### Directions for this task
Please give the whole listing again exactly, without any of its pictures.

### Recorded information

-=-=-

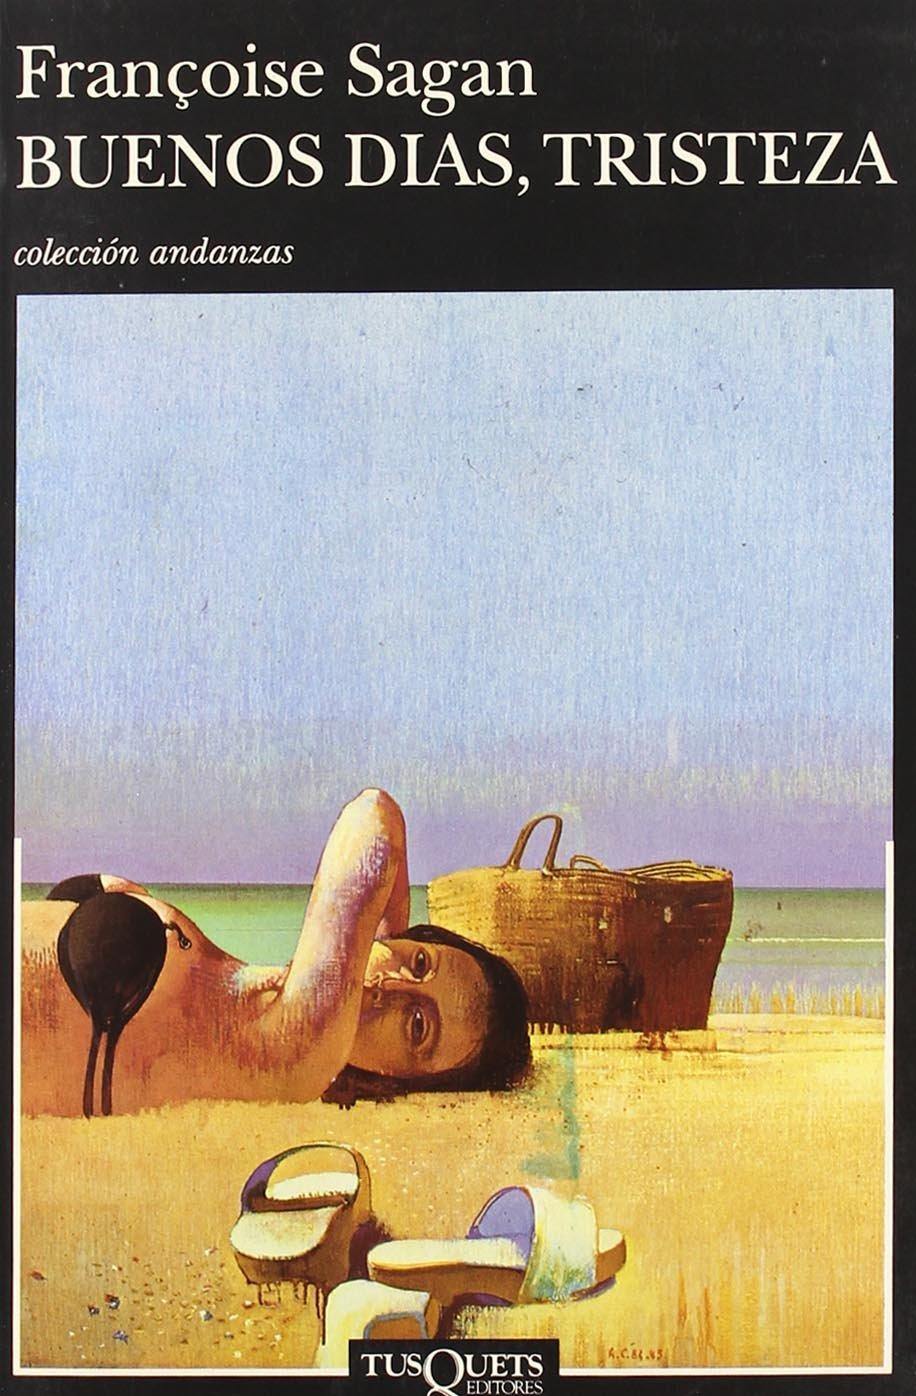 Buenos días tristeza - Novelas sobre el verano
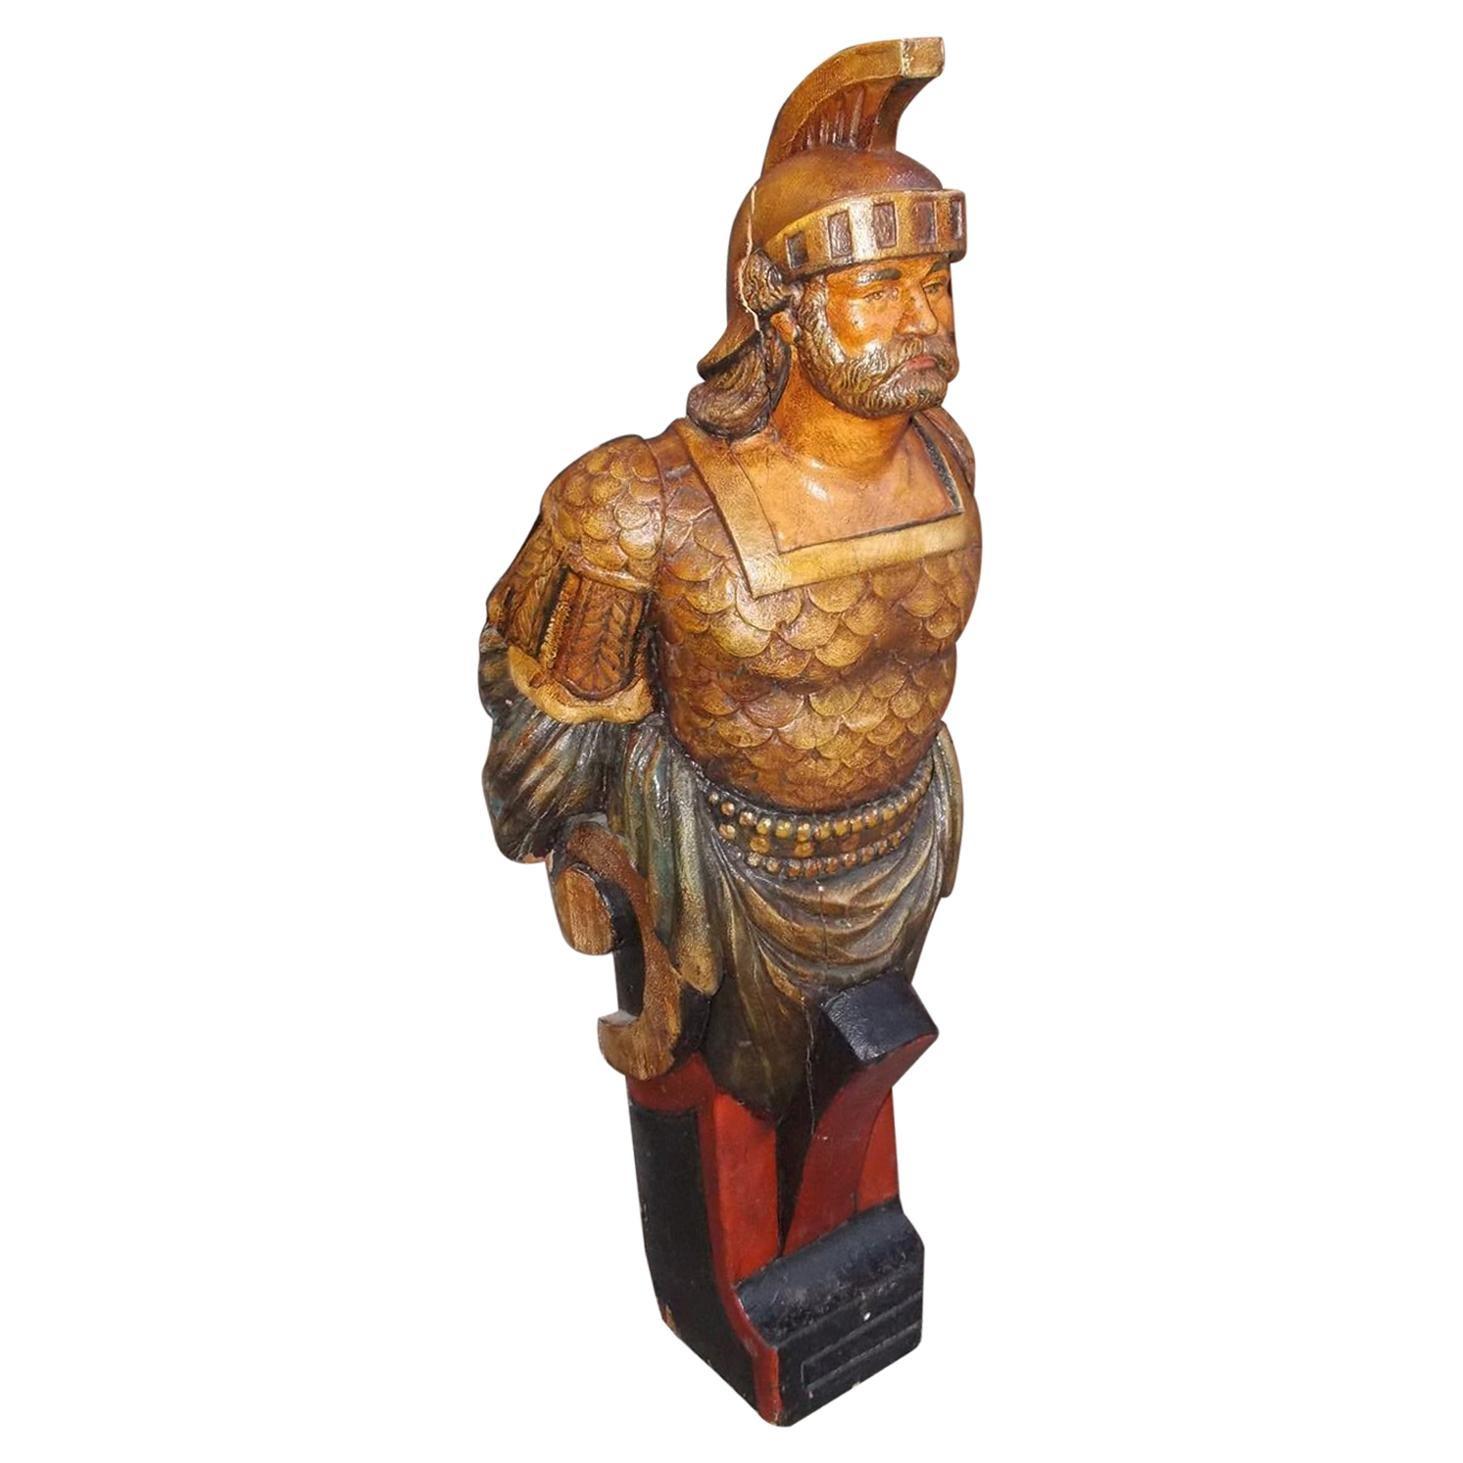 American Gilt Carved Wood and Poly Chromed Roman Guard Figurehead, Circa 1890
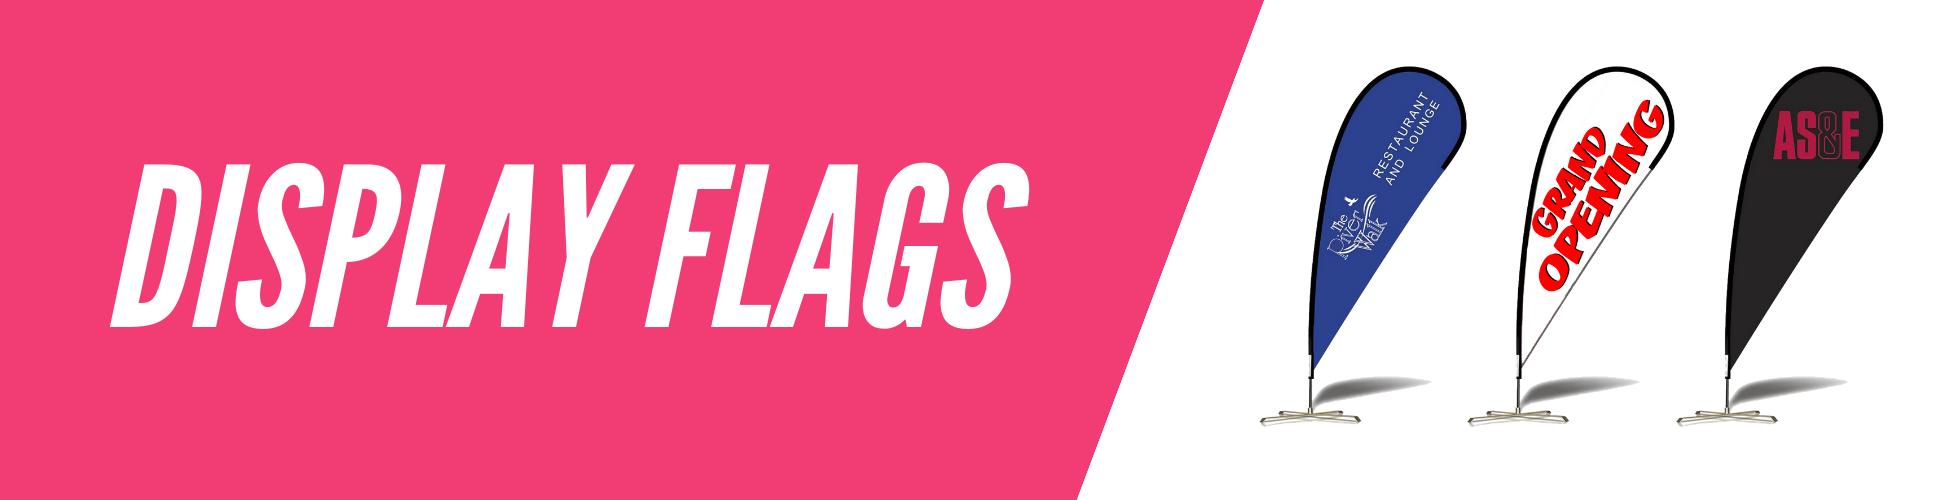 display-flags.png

-=-=-

### Answer area
 Buenos días tristeza - Novelas sobre el verano
 American Gilt Carved Wood and Poly Chromed Roman Guard Figurehead, Circa 1890
 display-flags.png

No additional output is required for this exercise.